Neo-Nazi Richard Spencer says he turns to Israel "for guidance"

American neo-Nazi demagogue Richard Spencer has again praised Israel as a model for the Aryan homeland he wants to create in the United States.

“The most important and perhaps most revolutionary ethno-state, and it’s one that I turn to for guidance, even though I might not always agree with its foreign policy decisions … is the Jewish state of Israel,” Spencer told an audience at the University of Florida in Gainesville on Thursday.

“The Jewish state of Israel is not just another country in the Middle East,” Spencer added. “It is a country for Jews and for Jews around the world.”

Spencer said he acknowledged the “moral legitimacy” of other “ethno-states,” naming Russia, Poland and Hungary as supposed examples.

Spencer and his backers faced big protests including cries of “Go home Nazis!” and “Nazi scum!”

Spencer’s appearance had prompted the governor of Florida to declare a state of emergency, fearing a repeat of the lethal violence that occurred in August when Nazis marched in Charlottesville, Virginia.

An alleged vehicular attack by a far-right extremist in Charlottesville killed anti-racism activist Heather Heyer.

“White Zionism”

Leah Gorshein, president of the University of Florida pro-Israel campus group and a student board member with Hillel, told The Jerusalem Post on Wednesday that she was concerned about “the anti-Israel and anti-Jewish movement that could arise” from Spencer’s visit.

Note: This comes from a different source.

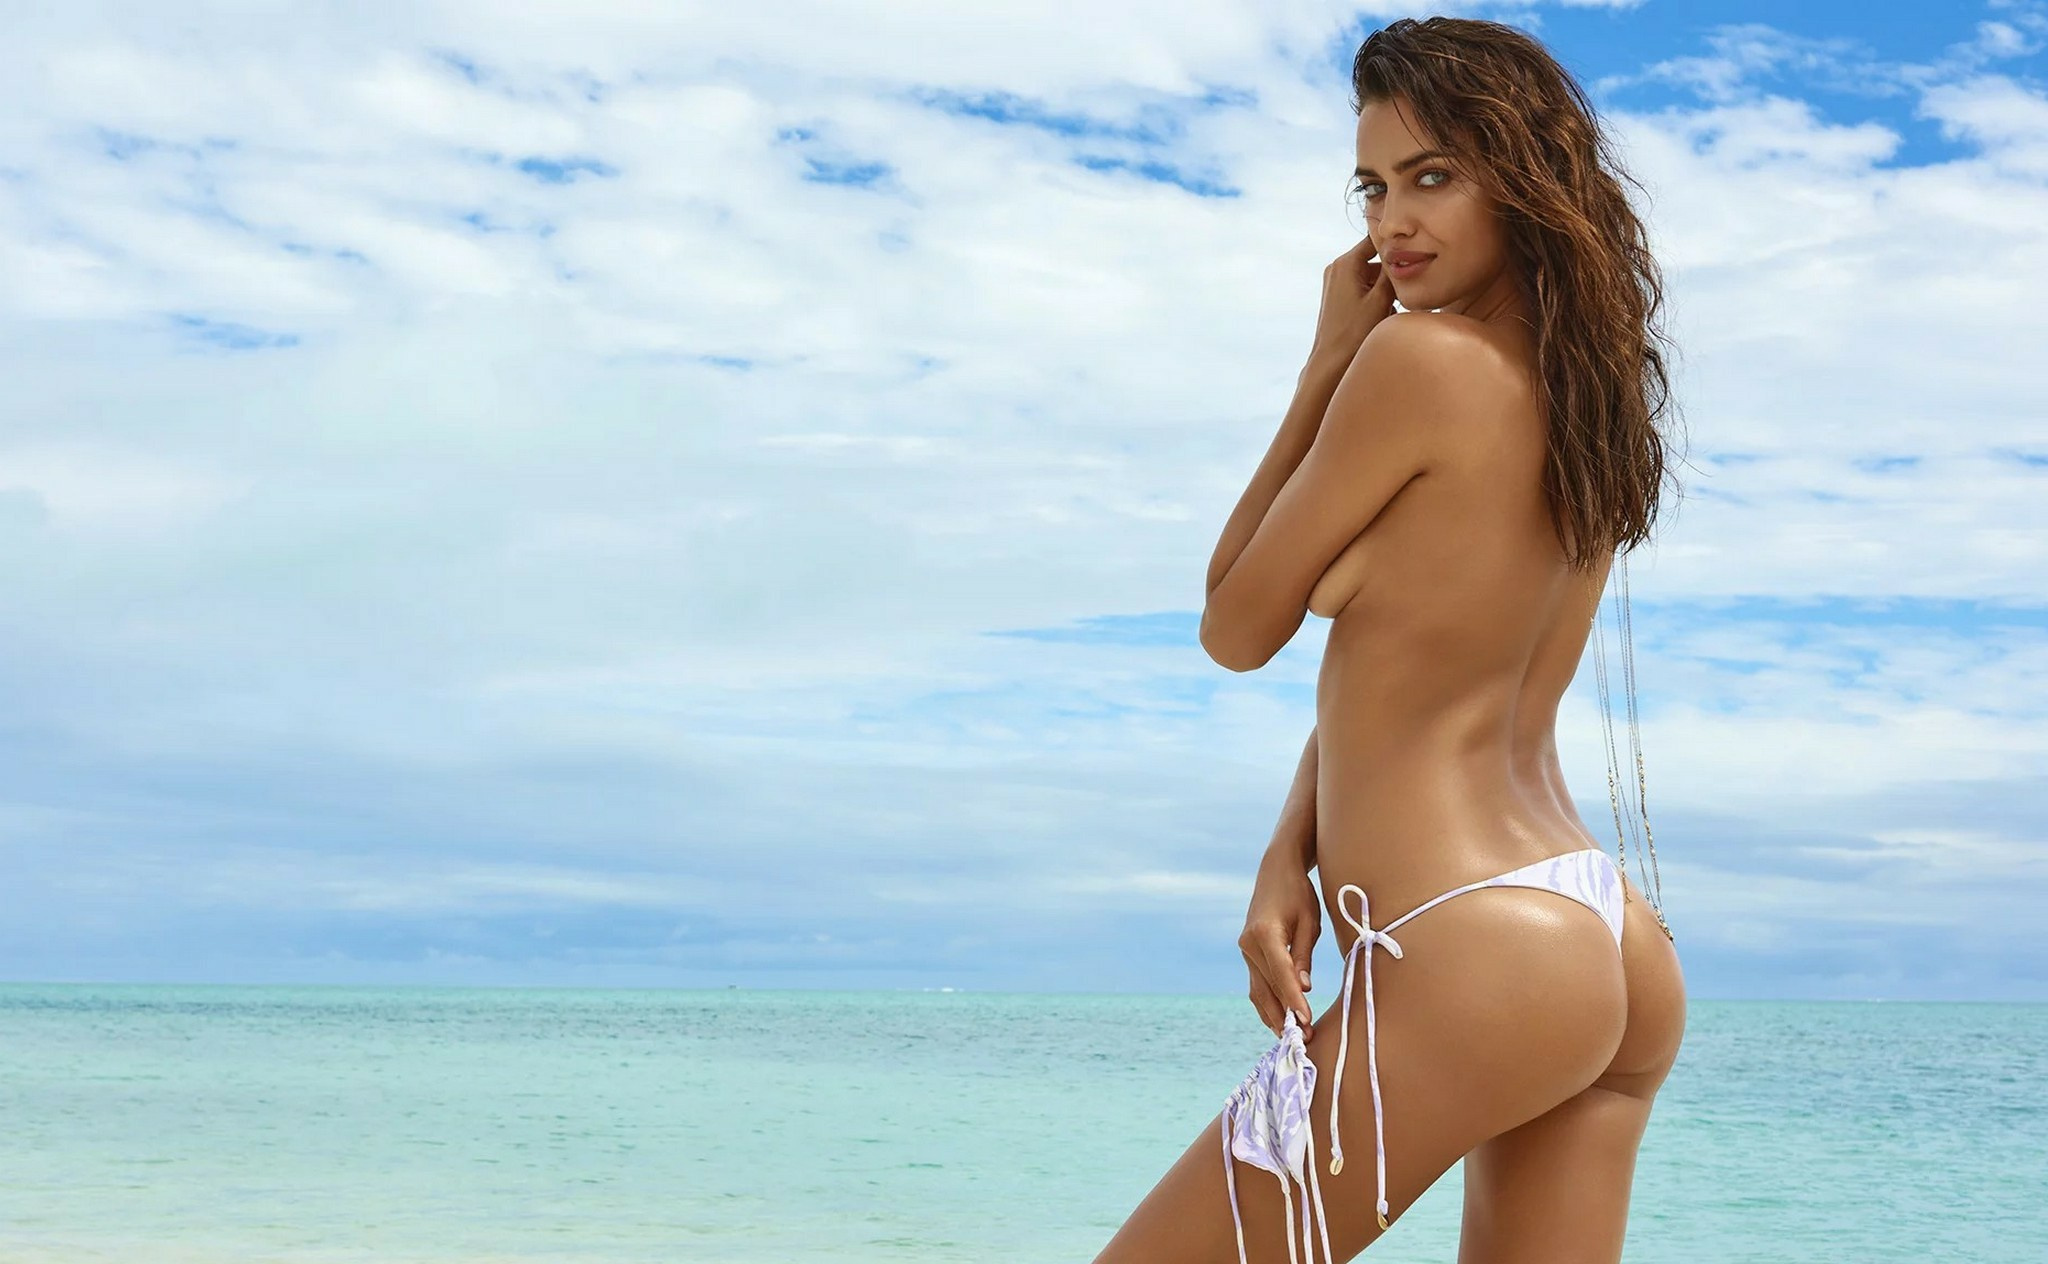 Irina Shayk Nude Photos

Yet while the American far right unquestionably exhibits anti-Semitism, Spencer, like other contemporary Nazis, has been effusively positive about Israel and its founding Zionist ideology.

Spencer has previously referred to his desire for a European enclave in North America as “white Zionism.”

Last December, Texas A&M campus rabbi Matt Rosenberg publicly challenged Spencer over the white supremacist’s message of “radical exclusion.”

“My tradition teaches a message of radical inclusion, as embodied by Torah,” Rosenberg said.

In an exchange caught on video and widely circulated online, Spencer responded, “Do you really want radical inclusion into the state of Israel?”

The rabbi was left almost speechless.

Rosenberg later conceded that he lost the argument with Spencer.

Demographic obsession

Israel and its supporters – like Spencer and his – are obsessed with demographics, albeit of different groups.

A mainstream view among Zionists is that too many Palestinian births would constitute a “demographic threat” to Jewish control of the ostensibly democratic Israeli state.

Among a host of racist policies aimed at demographic control, Israel denies Palestinian refugees their right to return home solely because they are not Jews.

In March, a landmark report published by the UN found that Israel operates a system of apartheid over the entire Palestinian people, including using “demographic engineering, in order to establish and maintain an overwhelming Jewish majority in Israel.”

Spencer’s admiration for Israel fits in with a broader pattern.

Leaders of neo-Nazi parties that made recent electoral breakthroughs in Germany and Austria have been vocal supporters of Israel, including its settlements on occupied Palestinian land.

Israel donor promotes anti-Semitic image

Separately, pro-Israel mega-donor Adam Milstein provided another clear signal of the growing affinity between the anti-Semitic far right and Israel’s staunchest backers.

Journalist Max Blumenthal noted that Milstein had posted an image on Twitter on Thursday of the face of financier and philanthropist George Soros superimposed on an octopus straddling the globe.

Blumenthal called it “indisputably anti-Semitic,” harkening back to the kinds of images frequently disseminated by anti-Jewish conspiracy theorists.

Far-right Israel supporters accuse the Hungarian-born Soros of funding groups critical of Israel’s human rights record.

Soros has also been targeted by Hungarian Prime Minister Viktor Orban, an admirer of Hungary’s wartime leader who was allied with Hitler.

Israeli Prime Minister Benjamin Netanyahu has embraced Orban, a modern manifestation of the historical alliances between Zionists and anti-Semites.

Adam Milstein’s foundation funds a who’s who of right-wing anti-Palestinian groups. When Milstein was convicted of felony tax evasion in 2009, Israel’s consul-general in Los Angeles wrote a glowing letter to the judge in an effort to secure a lenient sentence.

He also has a history of Islamophobia. In 2014, for instance, Milstein tweeted an attack on then President Barack Obama, accusing him of “cuddling up to Islam.”

Milstein has deleted the octopus tweet and apologized, claiming he did not know the image was anti-Semitic.

But his Twitter account still shows that in September he posted another image targeting Soros that had been posted on Facebook by Yair Netanyahu, the son of the Israeli prime minister.

Yair Netanyahu was widely criticized for posting anti-Semitic memes inspired by the neo-Nazi “alt-right.”

The younger Netanyahu also caused a controversy in August for suggesting that anti-fascists and activists with Black Lives Matter are a bigger threat to Israel – and perhaps to Jews throughout the world – than the neo-Nazis who rampaged in Charlottesville.